Community of Academic Integrity
A great way to be proactive about academic integrity is to create a "community of integrity," in which more direct effort is taken to involve students in course policy decisions, procedures, and education in their online courses. Doing so invites students to take increased ownership of their actions and develop a stronger understanding of what is expected of them and their work. While some academic integrity strategies that rely heavily on warnings and penalties can seem invasive or make online students feel that their instructor does not trust them, working to create a community of learners instead fosters respect between an instructor and their students. The strategies that follow can all be used to help build a community of integrity within an online course.

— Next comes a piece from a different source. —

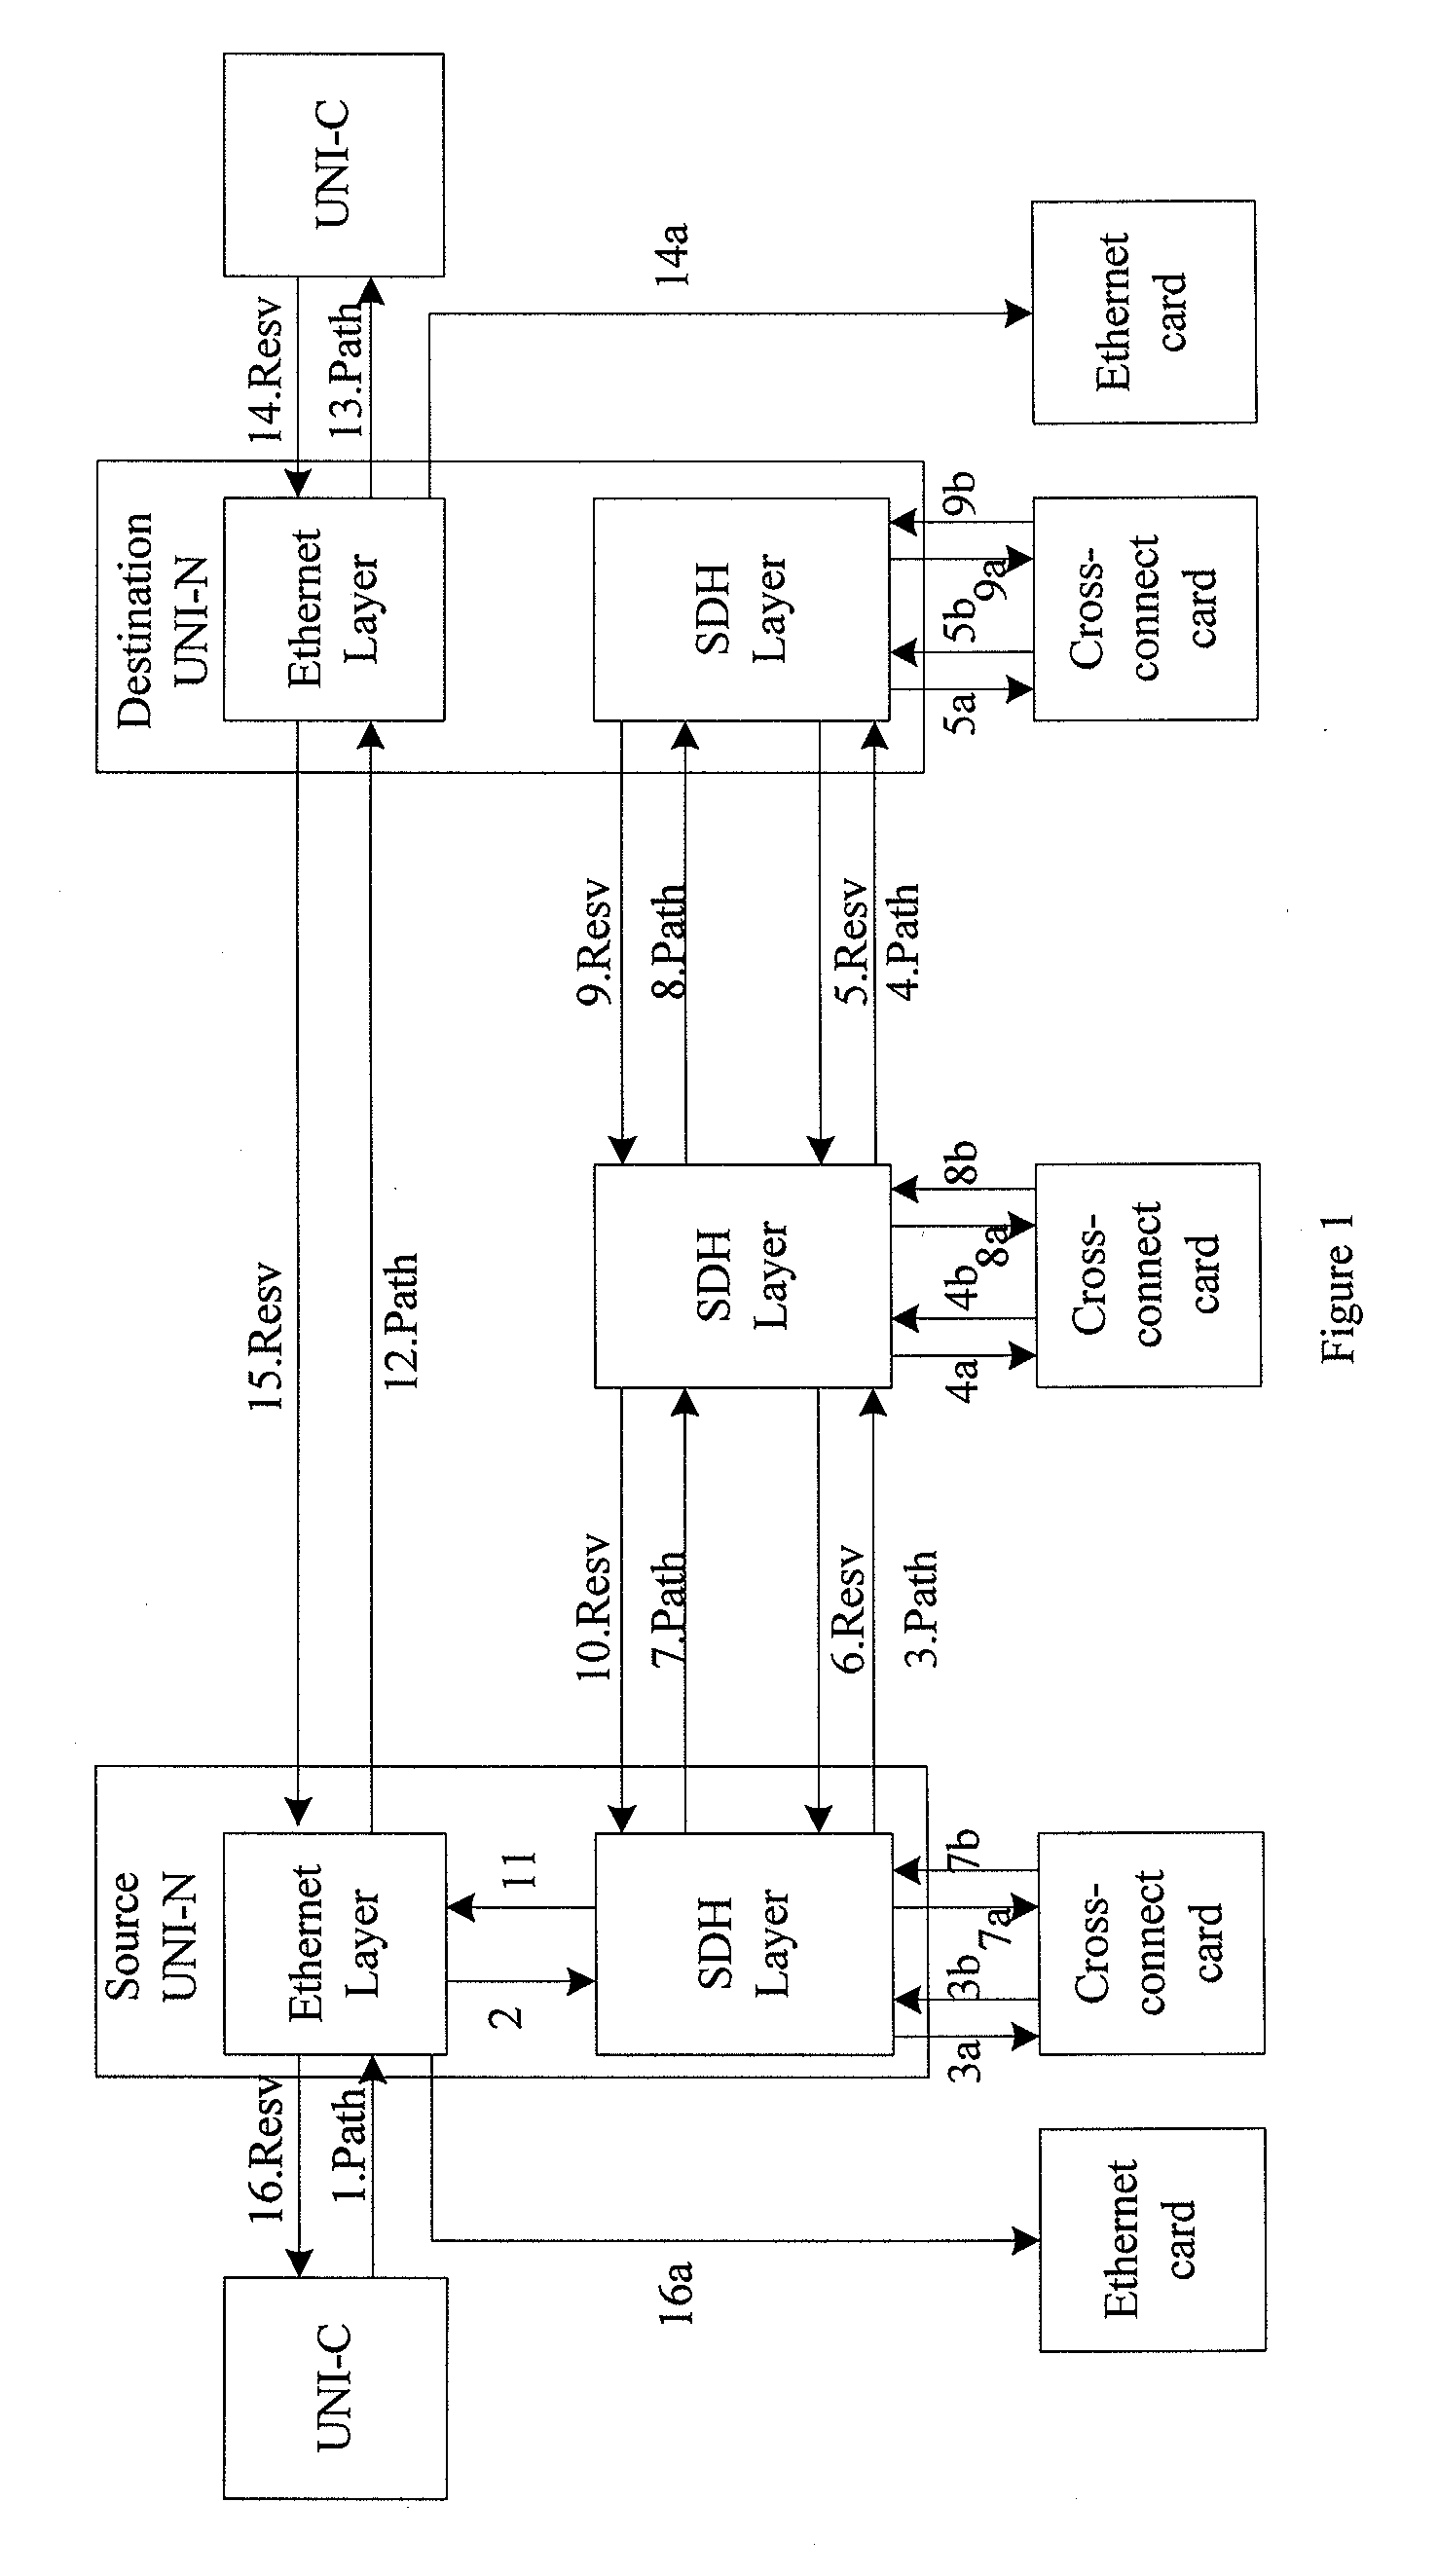 Method and apparatus for modifying bandwidth in bandwidth on demand services

While academic integrity standards may hold constant across the University, online students often find that specific policies and procedures differ in each online course they take. To avoid confusion, make sure to provide them with clear guidelines for all course assessments and assignments. If the course will require research, for example, be abundantly clear about the citation style that's expected or any specific formatting or citation rules the course may have. If part of your online course utilizes group work, make clear when collaboration on course work is acceptable and when it's not, especially when only certain elements of the course utilize groups. We also strongly recommend the use of detailed rubrics for assignments so that assessment standards and expectations are well-known in the course. Any and all of these preparations can help avoid academic integrity violations in your online courses.

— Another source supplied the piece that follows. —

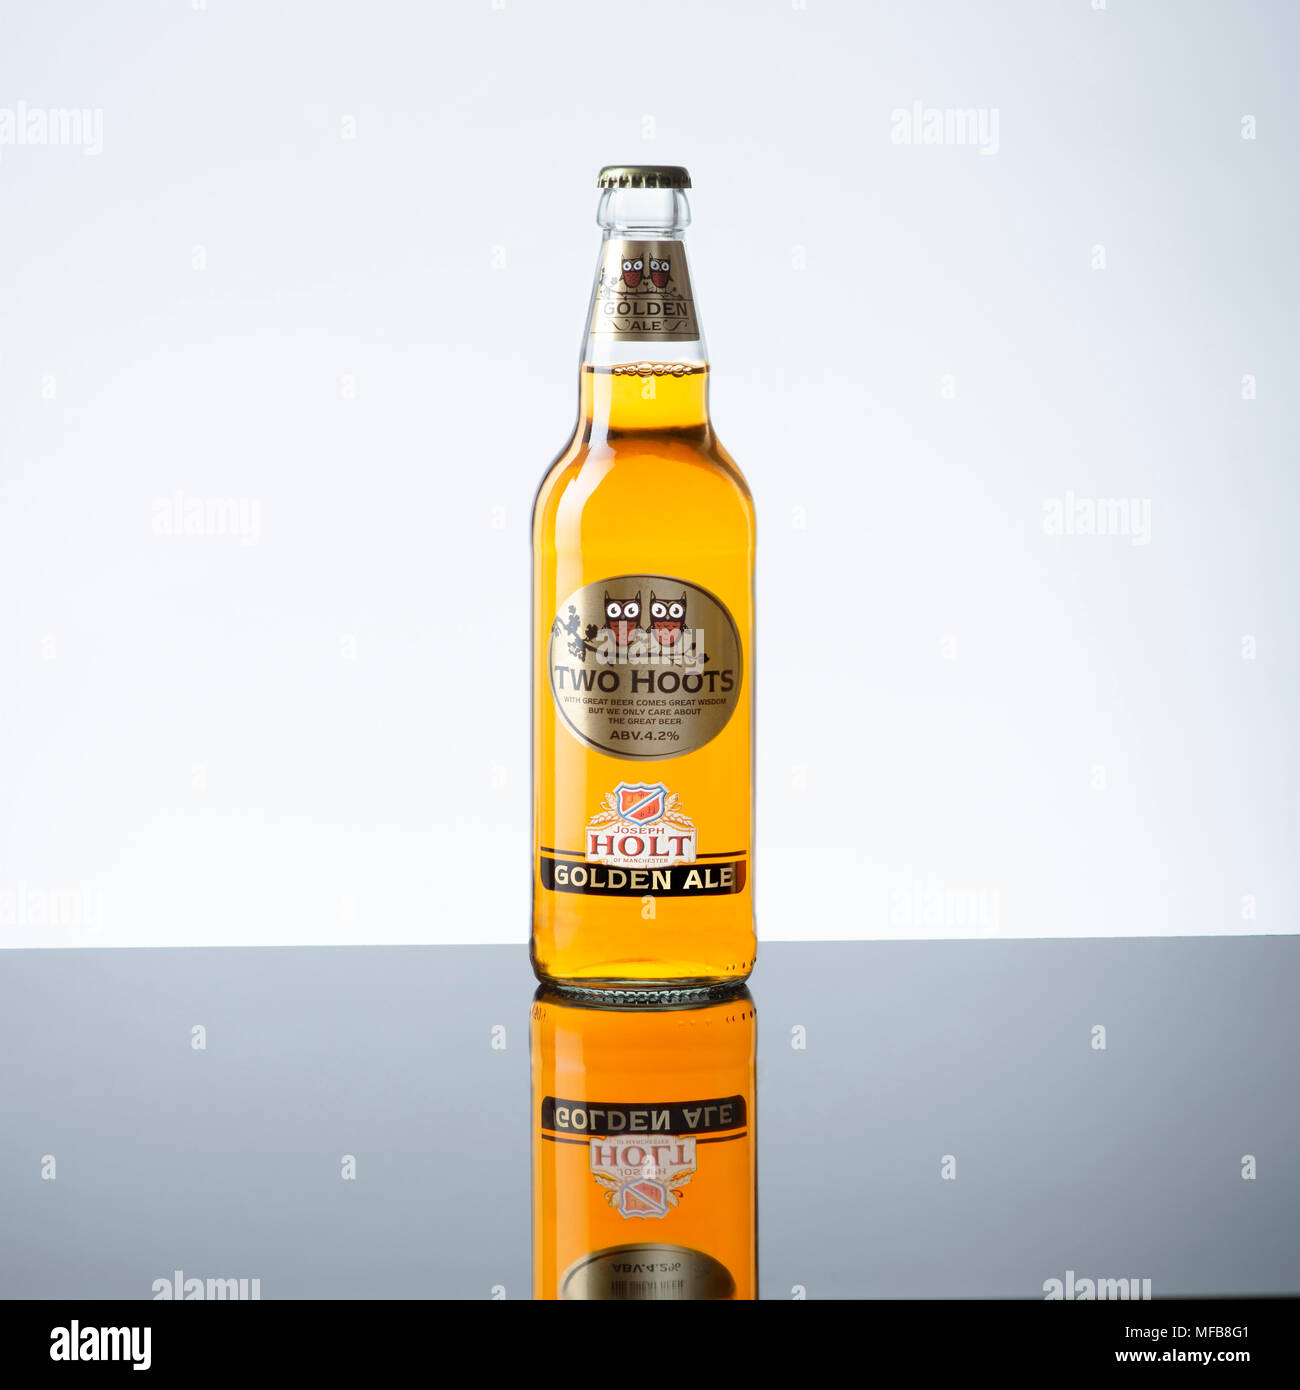 A bottle of Manchester brewery Joseph Holt's Two hoots beer. Credit Lee Ramsden / Alamy Stock Photo

Using a community approach to preventing academic integrity violations necessitates shared work and responsibility among online instructors and students. Rather than giving students a pre-made honor code or set of course policies, instructors can work with students to help shape and create guidelines for their course; it's a good idea to use Loyola’s Academic Integrity Statement as an example to start with.

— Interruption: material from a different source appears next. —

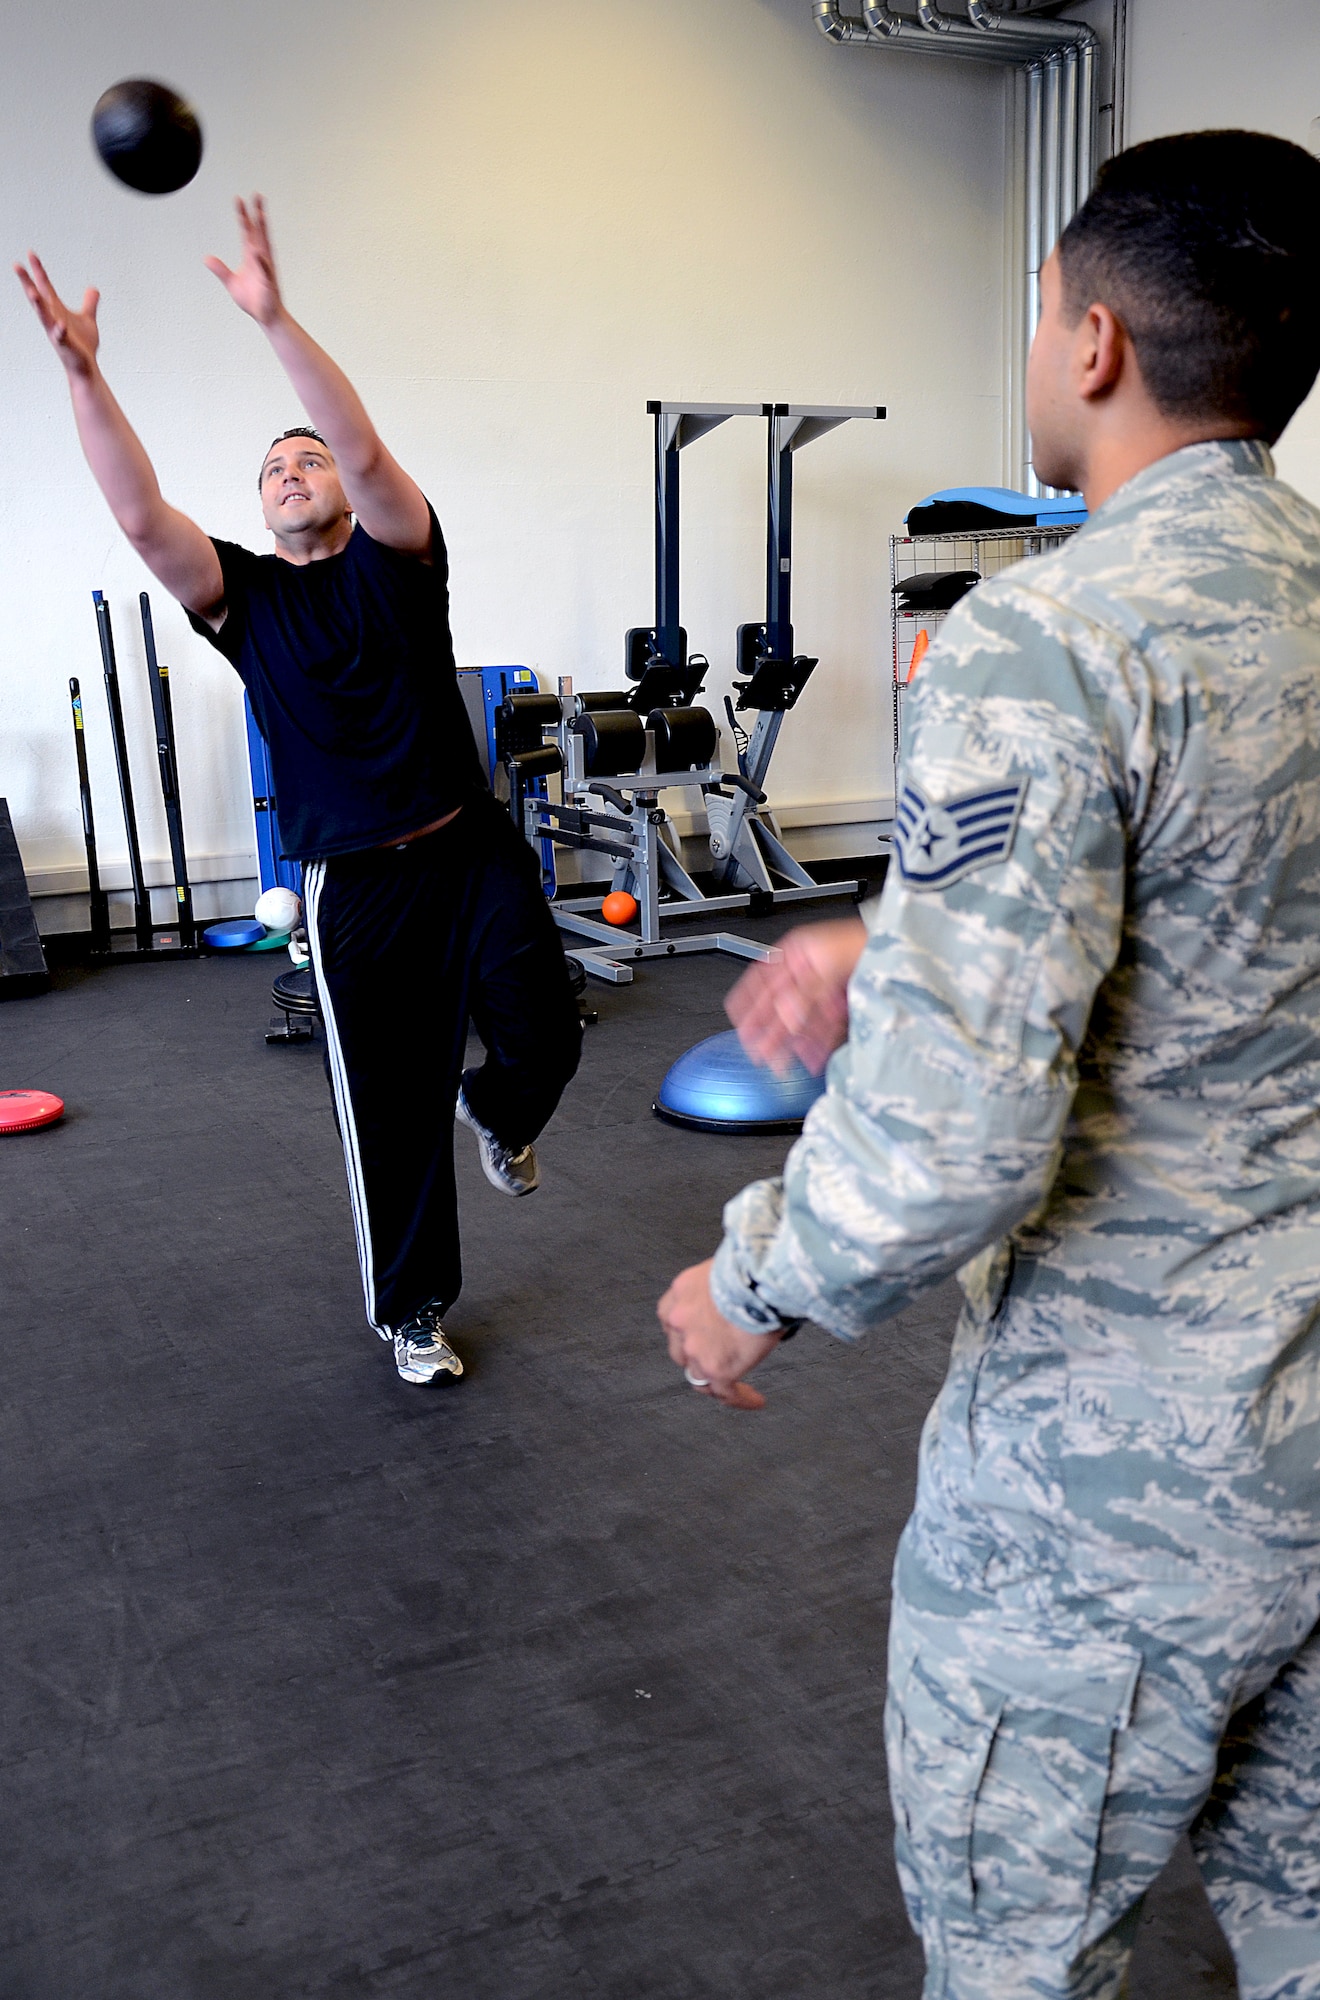 Senior Airman James Harrod, 693rd Intelligence, Surveillance and Reconnaissance Group operations training manager, catches a weighted ball from Staff Sgt. Mario Jimenez, 86th Medical Operations Squadron Physical Therapy technician, during a physical therapy session at Ramstein Air Base, Germany, Aug. 19, 2014. The 86th MDOS physical therapy clinic can see active duty patients for a variety of neuromuscular injuries such as sprains, strains, rehabilitation after the healing of a fracture and many more. (U.S. Air Force photo/Senior Airman Timothy Moore)

Collaborating with students in this manner has several advantages. First, creating a set of academic integrity principles and rules with students necessitates having a conversation about what is expected of students, what constitutes a violation, and even what academic and professional honestly looks like in a specific field of work. Second, students are more likely to feel a sense of responsibility toward an academic integrity code in which they had input, and less likely to feel alienated by its enforcement. Third, creating a code of conduct for each course taught allows instructors to adapt their policies to the specific work of the course they're in, often an advantage for upper-level online courses that delve into very detailed professional work.
Even when created in a community, instructors should have students go through the step of acknowledging or “accepting” the terms of any academic integrity code in their online courses. Including questions on policy in a syllabus quiz is also an effective way to have students become more familiar with the academic integrity rules of the course.
Students come to online courses from a variety of educational backgrounds, making it difficult to assume what they do and don't already know about academic integrity and what constitutes a violation. It's always good, then, to review academic integrity concepts with students and educate them on policies, violations, and possible penalties.
This is perhaps especially true in the case of plagiarism, a form of academic dishonesty that students may commit without even realizing it. Students may not be familiar with all citations styles coming into college, even some of the more common ones like APA. In addition, they may not have been previously educated on all forms of plagiarism, including improper paraphrasing, using parts of other media (like audio and images), etc. Instructors - especially those in lower-level courses - would do well to survey students at the beginning of an online course to determine their familiarity with these concepts, then deliver focused tutorials or guides to students that still need guidance.
Online instructors will benefit from spending some time reviewing plagiarism and proper citation, especially if a course uses a less common citation system (i.e., not MLA or APA). In addition, instructors can send online students to several University resources, such as the University Libraries’ What is Plagiarism? page and their Avoiding Plagiarism Quiz.
Giving students an opportunity to practice any new skill or concept before a scored, high-stakes performance is sound pedagogical advice in general, but is particularly apt when it comes to helping prevent academic integrity violations. Especially in the case of writing and citation, allowing students in online courses the opportunity to practice that citation - whether through a draft of a paper or an annotated bibliography that's composed before any writing begins - can help clarify any confusion that might get students into trouble. It's important to keep in mind that instructors should give students feedback on their practice of citation or other skills to reinforce proper work.